We went to watch a movie yesterday, and took an icecream at Ben and Jerry's first. Not only do they have really tasty ice-creams, they have really large ones as well.

Tuesday, March 18, 2008

EclipseCon 2008: Fake Steve Jobs

Daniel Lyons (aka Fake Steve Jobs) gave a really funny keynote yesterday. If you aren't reading his blog, you're missing out on some great satire.

Monday, March 17, 2008

EclipseCon 2008, day 0

So, I've finally arrived in Santa Clara for EclipseCon. We (I'm travelling with a collegue) actually arrived yesterday after a murderous long flight from Stockholm.
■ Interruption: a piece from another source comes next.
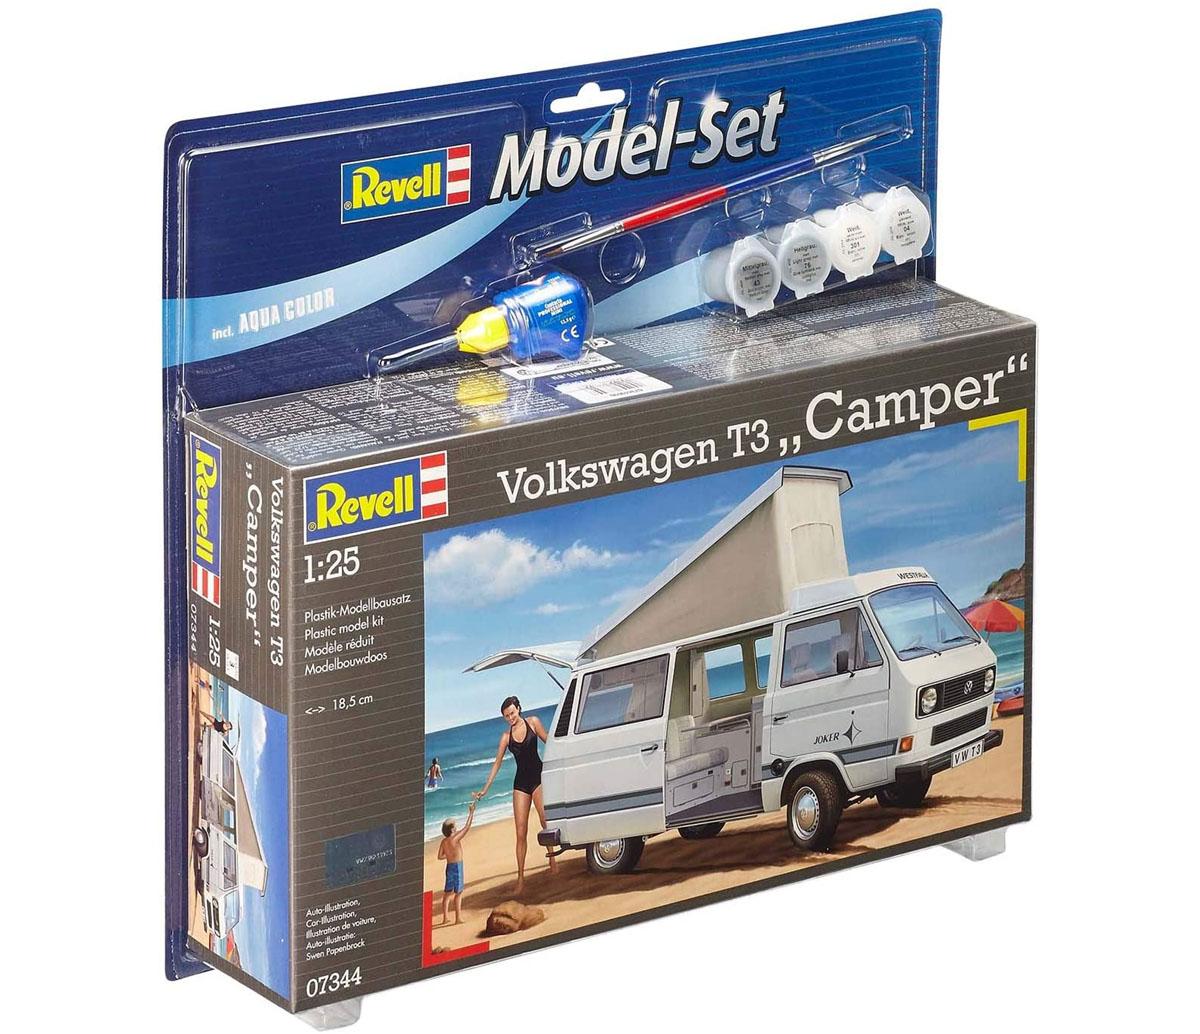 """Model-Set Volkswagen T3 """"Camper"""" - 1/25 - Revell 67344  - BLIMPS COMÉRCIO ELETRÔNICO"""

First 2.5 hours from Stockholm to London, 3 hours at Heathrow (which was actually quite nice, we hade plenty time to walk around the taxfree stores and have some lunch). Then an 11-hours flight to San Francisco, and as if that wasn't enough we decided to take public transport to the hotel. Let's call that idea "less than brilliant". Sufficient to say, it took us around 4.5 hours before we could finally get some sleep.

Anyway, today was much better. What could be a better way to wash off the jet-lag (SF is 8 hours behind Stockholm) than spending a day at Great America? Luckily enough, they opened for the season today and the weather was sunny and not too windy, even if the temperature could've been a little higher.

Friday, March 7, 2008

3D Excel

Excel as a 3D engine. Yet another proof that some people have way too much time on their hands.

Tuesday, March 4, 2008

SCons and VMWare

VMWare has been using SCons for a year now and are actually pretty happy about it. I would have thought that they would complain more about performance, though.

Thursday, January 17, 2008

ZFS

A friend of mine gave me a link to a set of slides about ZFS the other day. ZFS is a radical different approach to filesystems, with a lot of cool features. It leaves the WinFS vaporware gasping for air. Some of the cool features:
  • Constant-time snapshots: takes no additional space
  • Clones: writable snapshots
  • Backup/restore: incremental backups take time proportional to data changed
  • End-to-end data integrity
  • Dynamic striping: automatically distribute load across all devices
  • Multiple independent prefetch streams, automatic length and stride detection
For personal use I find the backup/restore functionality especially cool. An incremental backup is done by
# zfs send -i tank/fs@A tank/fs@B > /backup/B-A
The time it takes to do a incremental backup is proportional to the amount of data changed, so you can easily use it to drive remote duplication. The following command sends a incremental once per minute to a remote host.
# zfs send -i tank/fs@11:31 tank/fs@11:32 | ssh host zfs receive -d /tank/fs
(The examples are taken from the slides.)

The only drawback is that there is no ZFS support for Windows. Hopefully that will change in the not-too-distant-future.